They Only Call Me On My Birthday
I’m 45 and my parents are in their 80’s. We are mostly estranged, them more than me. There was a series of conversations. Things were said. Decisions were questioned. Faith in each other was lost.
I wanted to get away from them, to run as far away from them as I could. I live on the other side of the country now, and this is the only place that has ever felt like home to me.
I imagine my mom taking care of my dad as she shuffles along with her back hunched over, a string of her curly dyed black hair falling out of its bun. My dad, with a useless arm from a broken shoulder, a cane to help with an almost useless leg, and a mind that can’t communicate clearly. He does the best he can to help himself.

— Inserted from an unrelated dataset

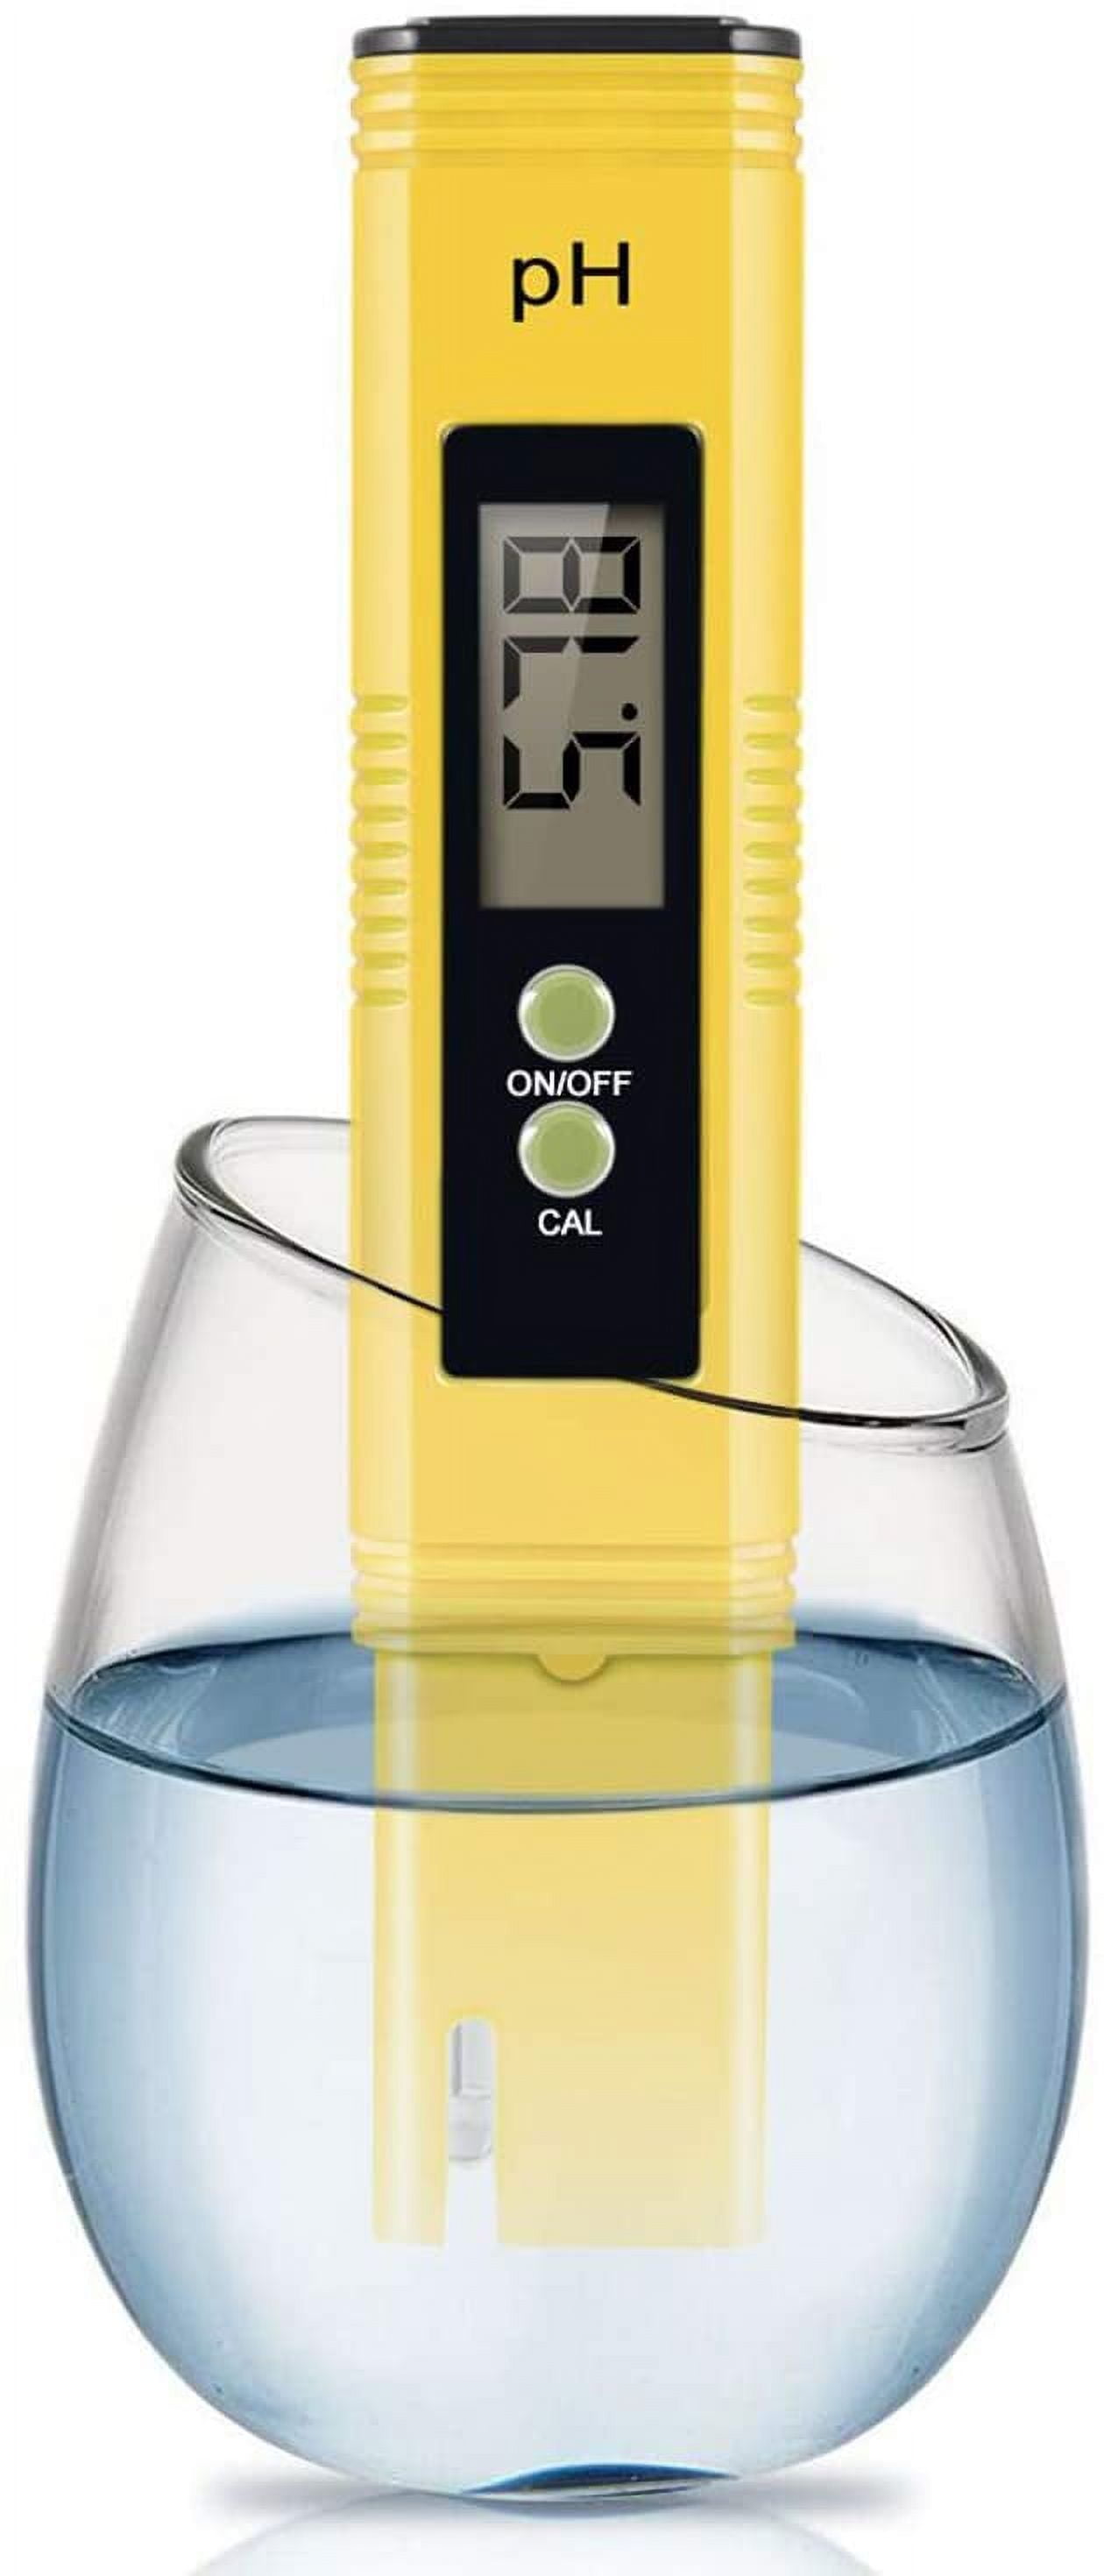 VIVOSUN 3-in-1 Digital pH Meter with ATC, ±0.1 pH Accuracy Water Quality  Tester, 0-14.0 pH Measurement Range for Hydroponics, Household Drinking,  Pool

I imagine it’s never enough.
I email every month. I know they get them. They never respond. I call a few times a year. We only talk about the weather and the garden. They only call me on my birthday.
I don’t know what I’m looking for. Respect? Absolution? For them to be proud of me?
I know from the top of my spine to the bottom, none of that will ever happen. I keep trying even as the hill gets harder to climb. I watch it get higher. Slippery, muddy pathways, thorny bushes, and large stony boulders dot its surface and spread. I fear I will never get to the top.
Still, I worry and I try to remember them, wonder if they are okay. Are they laying on the floor without anyone to help? I try to forget, distract myself, knowing that from more than 2,600 miles away, there is little I can do to help.
Even if I could, they wouldn’t let me.
I know one day they will be gone, one at a time or together. Probably sooner than later. I wonder how it will feel. Will my guilt resolve? Will my anger go away? Will I have done enough? Will anyone be able to convince me that I have?
I will always wonder what I could have done differently under the hand of judgment and scorn, ridicule and disgust.